Marketplace Revenue vs Gross Market Value
By Trevor Lew
Marketplace startups have grown in popularity over the years. One of the simplest examples of these companies is eBay. Other companies like Lyft and Uber are forms of marketplace companies too. They aggregate riders and drivers in a way that’s much easier and more efficient than if there wasn’t a connective platform. The Amazon Marketplace is an example of a hybrid model where part of the revenue stream is subscription-based (Amazon Prime) and part is on a percentage fee of value of the goods being sold. However, the primary way marketplace businesses extract value is by collecting a percentage fee on the transaction spend flowing through the marketplace.

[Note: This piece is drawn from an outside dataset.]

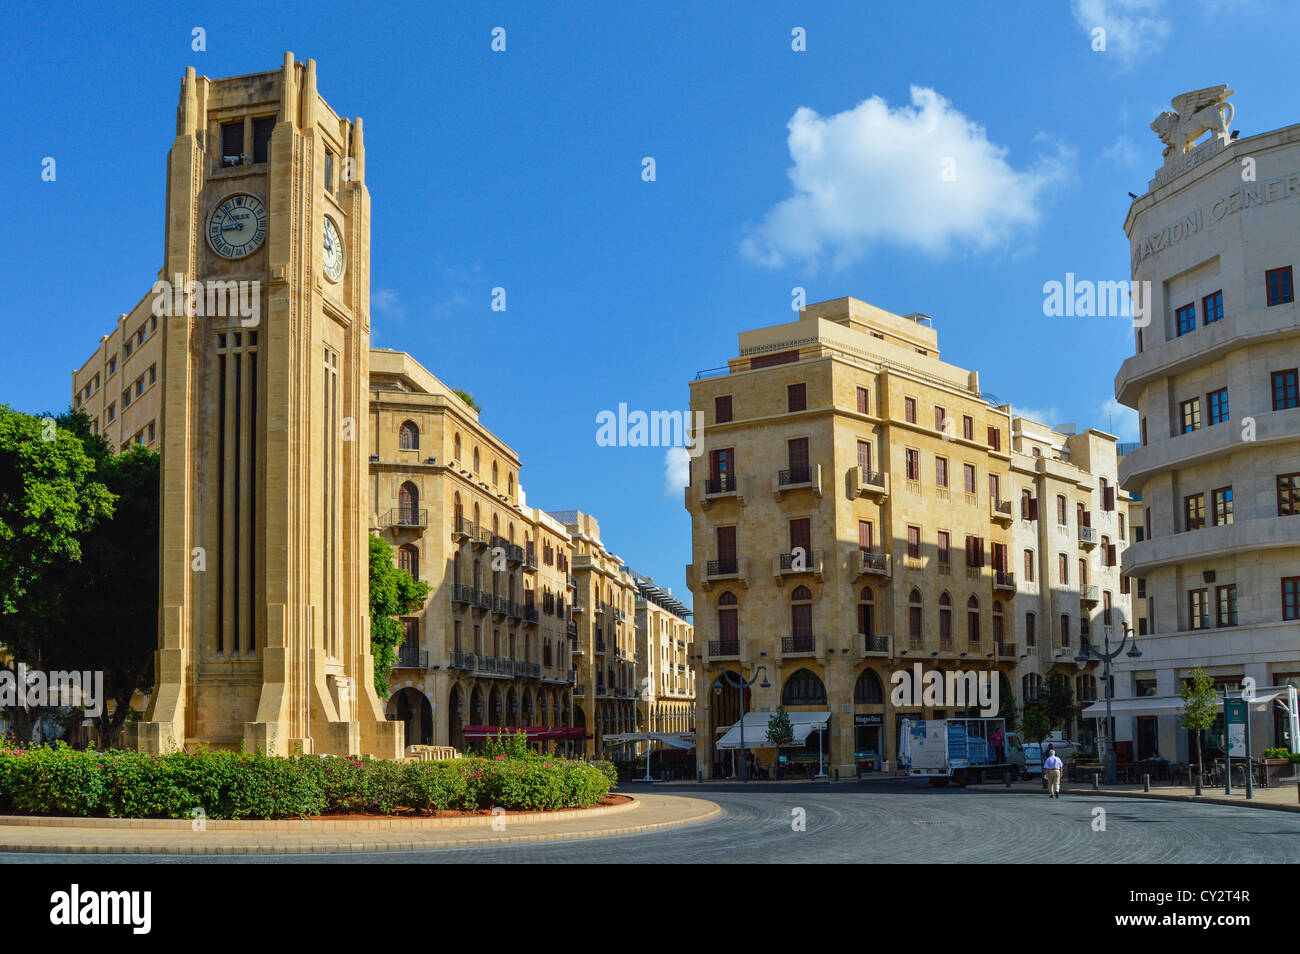 Torre del Reloj otomana, Nejme Square, el centro de Beirut, Líbano, Oriente Medio Imagen De Stock
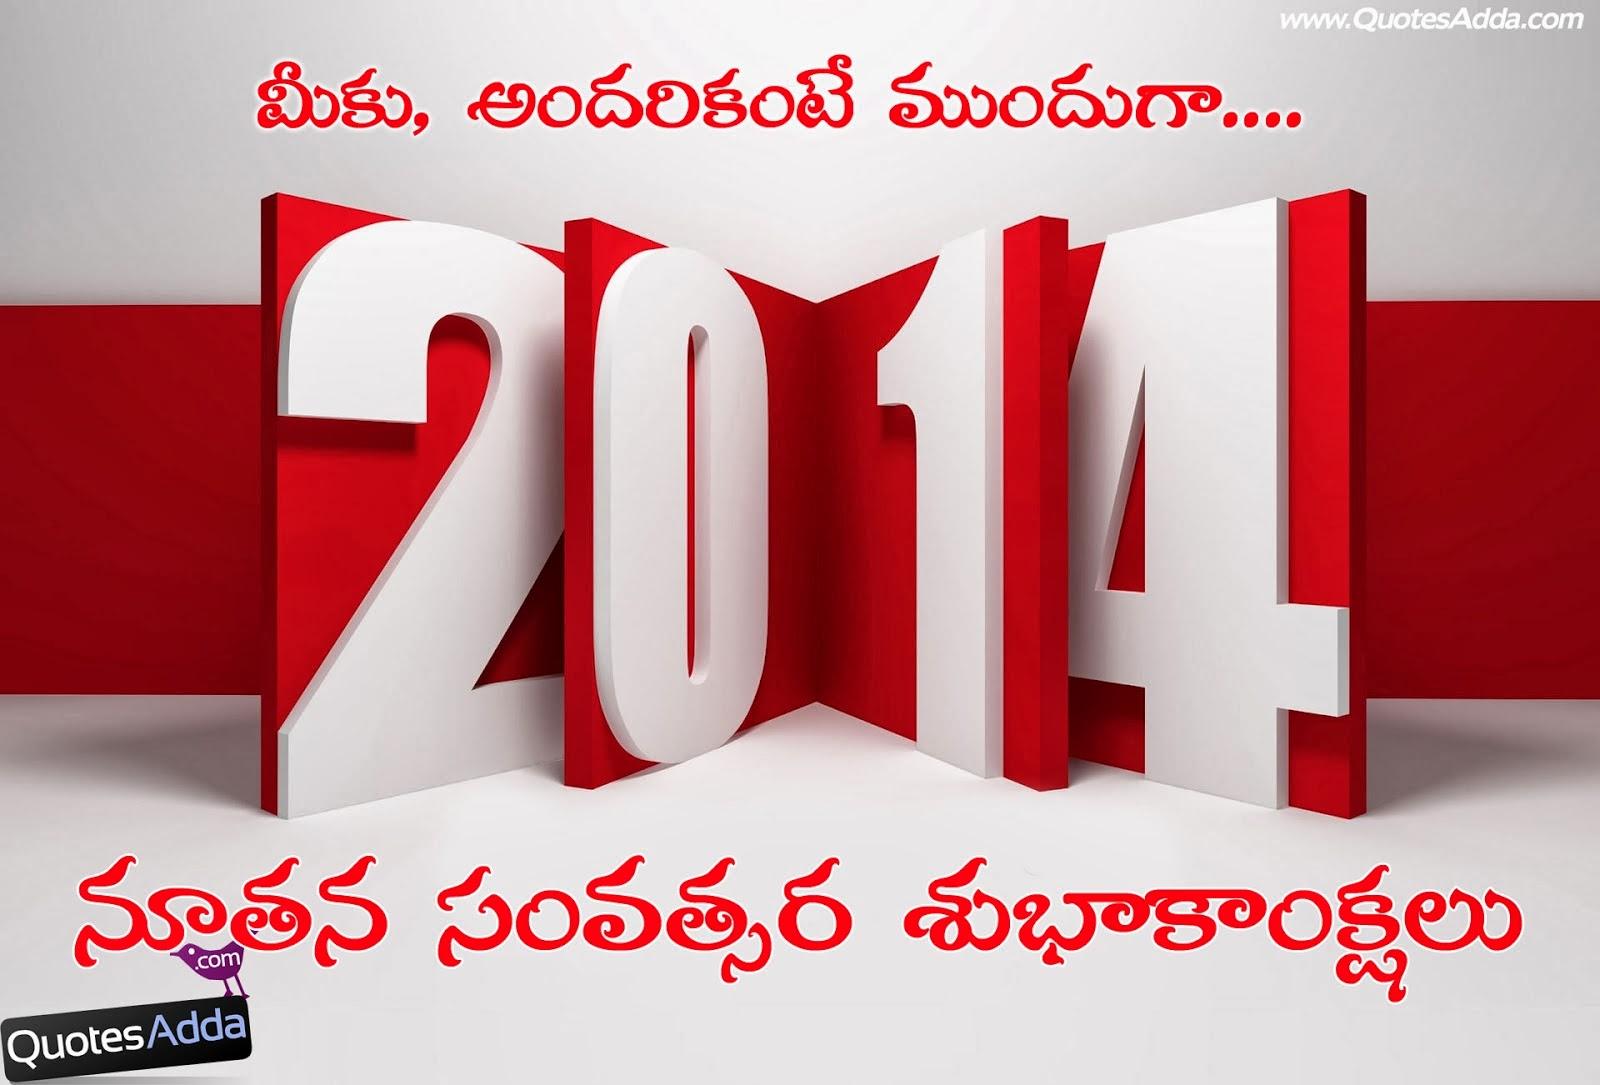 New Year 2014 Greetings In Telugu

The metrics for these businesses are very different than other popular types of startups like software-as-a-service or consumer products. It’s important for marketplace startups to know how they’re different than these other companies to avoid trying to pitch themselves to investors in a similar way. One of the biggest things we have been seeing are marketplace companies that are treating their Gross Market Value as actual revenue.
Gross Market Value (or Gross Bookings in some cases) is the total value of goods and services flowing through the marketplace. Most public companies further define this metric in their 10-Ks and 10-Qs. From an accounting perspective there are different ways to interpret the handling of Gross Market Value. Does the platform take custody of the full payments? Or is it simply facilitating the payment between a customer and another party. This post isn’t about what is GAAP on this matter, but more how potential investors are looking at this metric.
Gross Market Value is generally not considered revenue as the filings of all these marketplace companies show. Companies like Uber or eBay recognize transaction fees as revenues. Taking revenue and dividing it by the Gross Market Value will give you the Take Rate percentage which is its own metric that shows how much value is being extracted. Furthermore, using fees as revenue instead of the Gross Market Value will normalize gross margin. Most tech companies should not have low gross margins, and marketplace companies that position themselves as having such can be doing themselves a disservice.
Marketplace companies raising capital can make sure they avoid any potential misunderstandings with investors by using transaction fees as revenue and showing Gross Market Value separately. It’s important to know that most VC firms with revenue size requirements are going to use the fee revenue metric to standardize size versus other opportunities.
Hopefully this was a helpful tip to marketplace companies looking to raise!